FDI in India

Refining FDI provisions

Being one of the most diligent sources of revenue for the Indian economy, foreign direct investment (FDI) is gaining importance with each passing day. Investments made by any individual or firm in one country into business streams situated in a foreign country are termed as FDI. Generally, FDI takes place when the following conditions are satisfied by an investor:
 

  • Establishing foreign business operations
  • Acquiring foreign business assets
  • Establishing ownership
  • Controlling interest in a foreign company

With the purpose of fortifying the investor’s and stakeholder’s sentiments in the Indian e-commerce sector, refined policy is introduced to ensure that online and offline business to customer (B2C) models are kept on the same pedestal as business to business (B2B) models.

Precarious regulations:
There are few tricky regulations but befitting efforts to alter the like have been made thus, offering guidance to the companies to adopt FDI.

  1. Wholesale trading: FDI policy authorizes entities engaged in wholesale trading i.e., organizations selling articles to retailers, commercial, industrial, institutional, other wholesalers or to other professional business users and related subordinated service providers to shoulder B2B e-commerce. 100% FDI under automatic route is allowed in such organizations subject to such organizations adhering with all the conditions prescribed under the FDI policy.
  1. RuPay: Another suggestion mandates that home-grown card network RuPay which is owned by 10 local and foreign banks should be included as a payment option for all online transactions. This move will enable RuPay to compete with global payment firms like Visa and MasterCard.
  1. Multi-brand retail trading (MBRT): Organizations with FDI associated with MBRT are prohibited to undertake retail trading, in any form, by e-commerce medium. The rationale behind this is obvious as the policy on MBRT laid down in the FDI policy is an enabling policy and relevant state governments / union territories are allowed to take decisions on their own in regard to execution of the MBRT policy in the respective areas. MBRT retail sales can only be implemented in those states / union territories which have conceded or will concede in future to sanction FDI in MBRT.

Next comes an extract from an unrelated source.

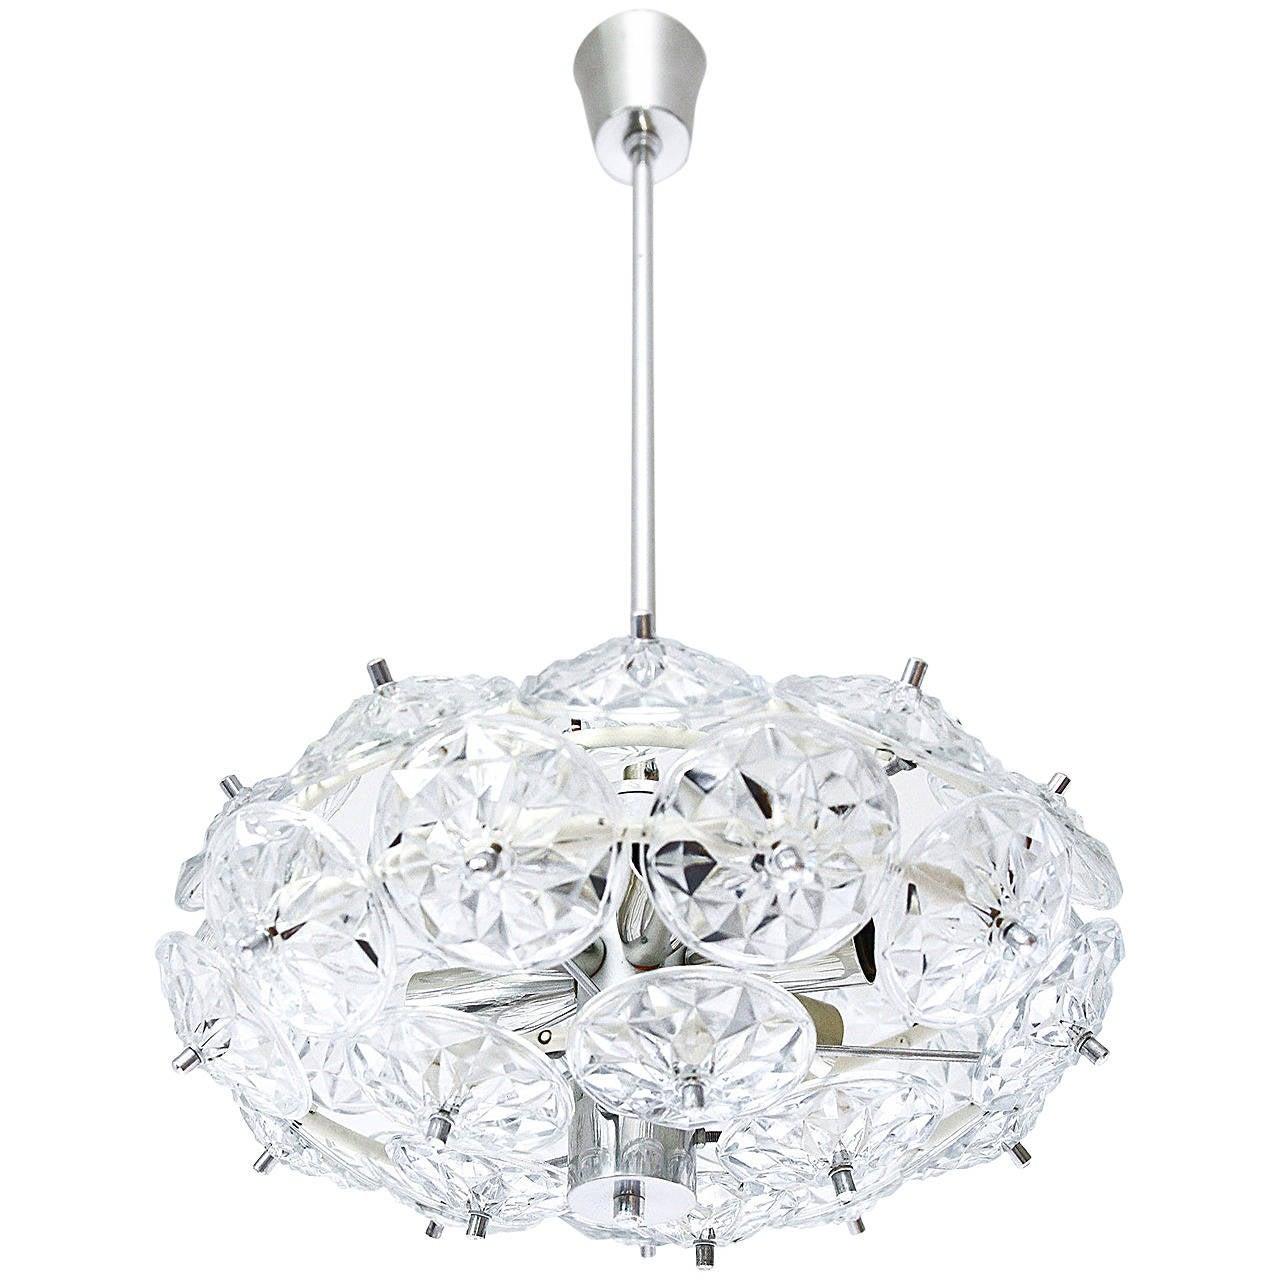 Sputnik Pendant Light Kinkeldey Style, Glass Chrome, 1960s

In prior 2 – 3 years, Indian multi-brand e-commerce sector has been in the limelight for a while as well as proclaimed to be on an all-time rise witnessing exponential growth, investments covering millions of dollars, numerous mergers and acquisitions, businesses being valued for costs unbelievable and dynamic competition among domestic as well as global champions. However, these are coupled with few ambiguities too. For instance, the retail face of IndiaMart, Tolexo abruptly discontinued its operations after release of a government notification leading to a lot of disarray regarding FDI in the retail sector. Imposition of ceiling of 51% FDI in multi-brand retailing, subject to government approval as mentioned in FDI policy issued by Department of Industrial Policy and Promotion (DIPP) observed relatively complex situation.

Present day scenario
Amazon and E-bay, US based e-commerce companies have been continuously propelling the Indian government to liberalize the e-commerce sector further enabling them in selling their products directly to consumers. Traders have dismissed the proposed policy to allow FDI in e-commerce, but the views expressed by the global and domestic e-commerce companies are mixed. India’s retailer association is further diverged on the matter of FDI influx in e-commerce. FDI in e-commerce will lead to boosting infrastructure development and spurring manufacturing sector but it could also resulting in large scale job losses. Currently, the government is still at halt for views of all stakeholders before allowing FDI in e-commerce.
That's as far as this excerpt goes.